The Death of a Team Society pays more attention to its sports teams than to its children. Today in L.A. the world shattering concern is whether to keep the Lakers’ roster intact or break it up and get new players. A great deal of thought is put into salary caps, locker room and court chemistry that it takes to put a winning team together.

There is also talk as to whether the U.S. Olympic team will have enough time to mold itself into a team. Teams are difficult to assemble and even more difficult to maintain. Egos, personalities, leadership and money all determine success.

I was fortunate that I came up through the ranks as a teacher. I started in the Los Angeles City Schools as a janitor or custodian as we preferred to be called. In order to get my credential I had to teach two years at a Yeshiva where I taught grades K-12 (all in one classroom) – I was the only goy, non-Jewish teacher. Once I got my credential I taught at a public junior high school for three years and then at a high school for five years. It was a great experience, it taught me how to teach.

In education classes we talked a lot about team teaching but in the schools very little of that went on. The only time that the teachers got together was in the smoking rooms where they complained about the students, rarely sharing their experiences or their teaching methods. They went to in-service classes but that was only to get service points that counted toward salary increments.

Through experience I found that a team at any level whether it be in sports, the schools or life itself is rare. So it seems stupid to break one up when successful especially in education where so many young lives are affected.

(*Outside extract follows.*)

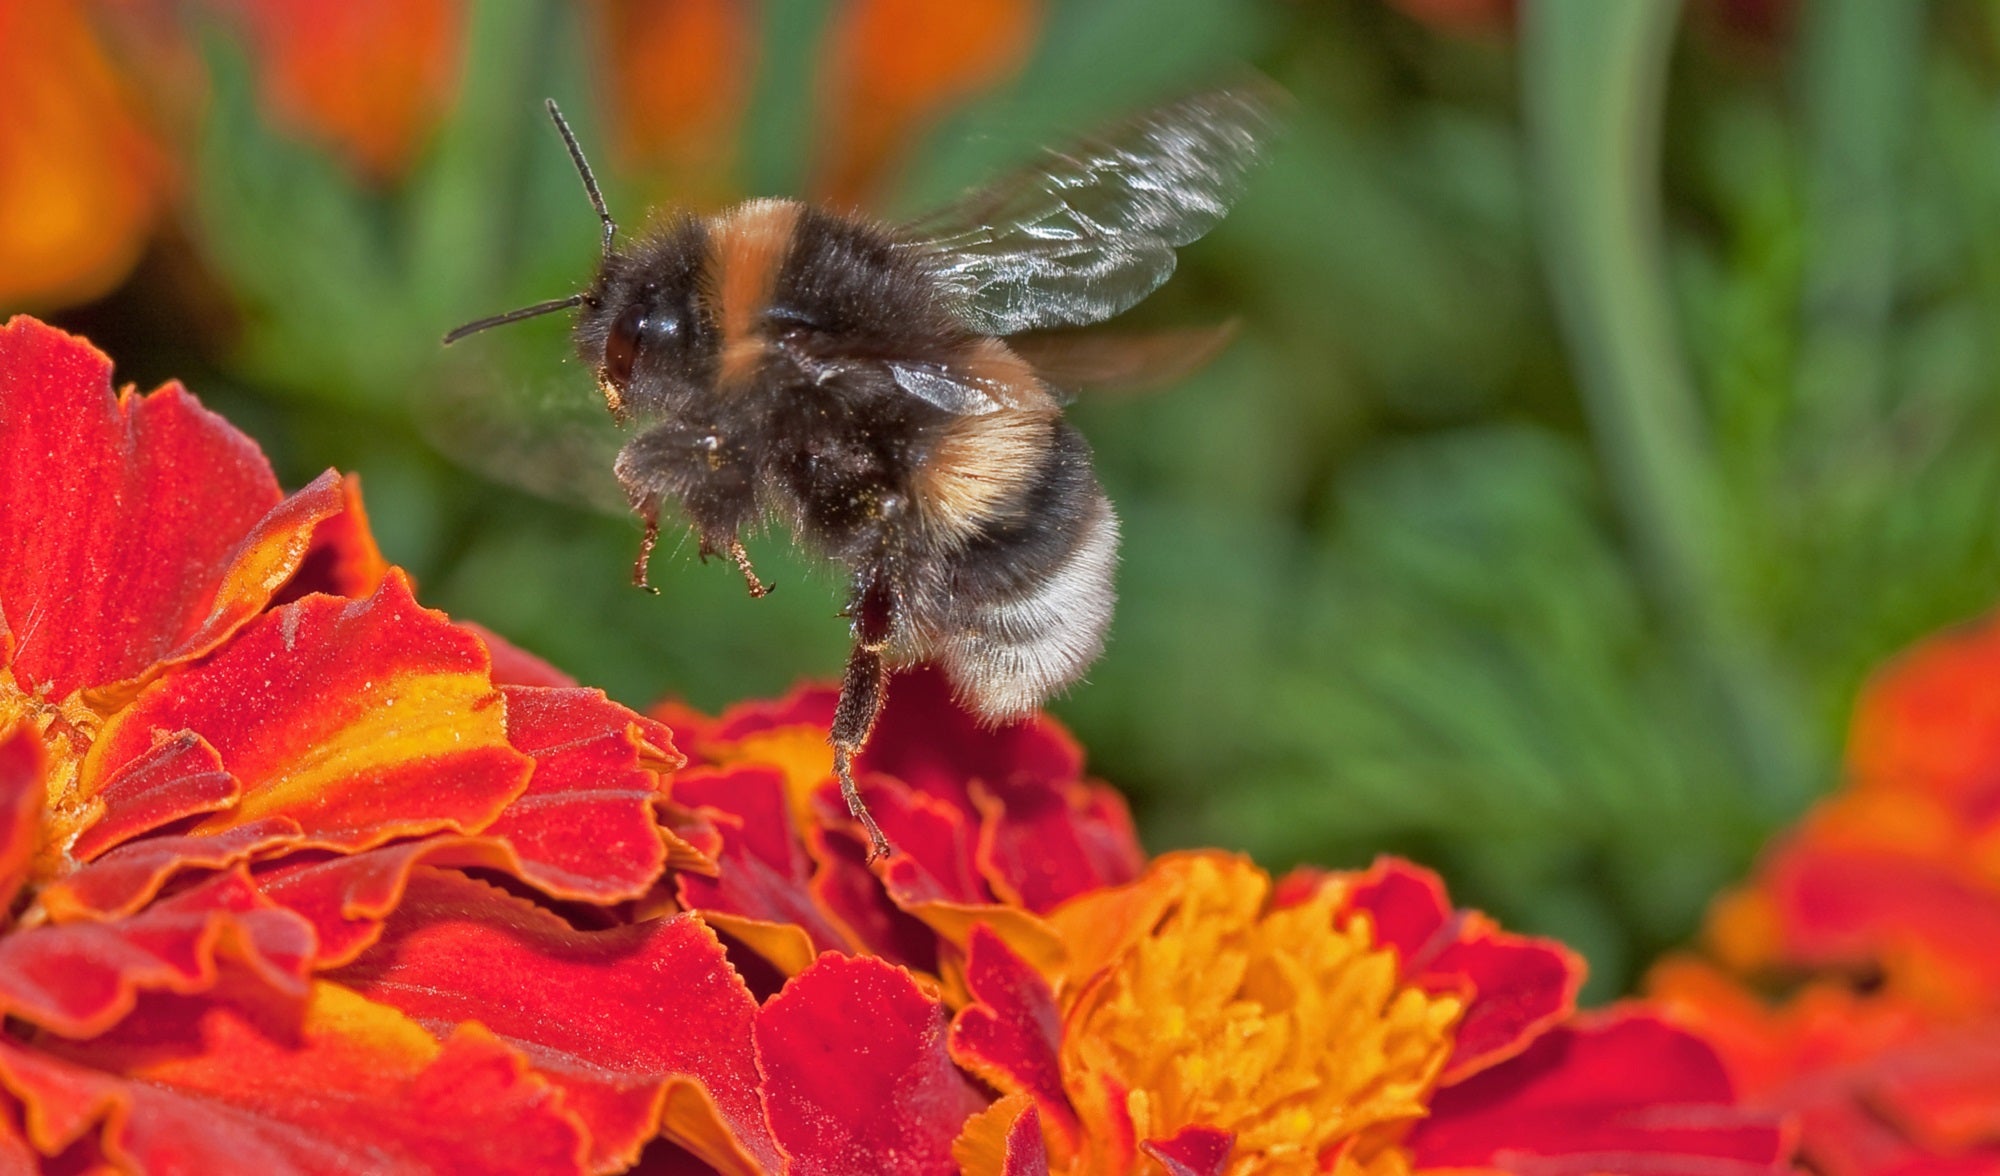 Bees are the ultimate EVs—for worms

But this is exactly what is happening in the Tucson Unified School District where under the cover of night Superintendent of Schools John Pedicone and his gaggle of board members are dismantling a highly successful team in order to feed the mendacity, the whims and racist notions of state and local elected officials.

It is a team that has defied the rule in the education that Mexican American students cannot learn. More often than not they drop out of school at a rate of over fifty percent. In contrast, the TUSD Mexican American Studies students want to learn; they don’t want to be warehoused and parrot material so they can pass a test.

For mainstream teachers, rote memorization is a matter of survival.  They must adhere to the reality of the wrongheaded standard that how the students perform on a test is the measure of the teachers’ effectiveness. How well the students do, determines whether they are doing a good or bad job and whether they keep their job.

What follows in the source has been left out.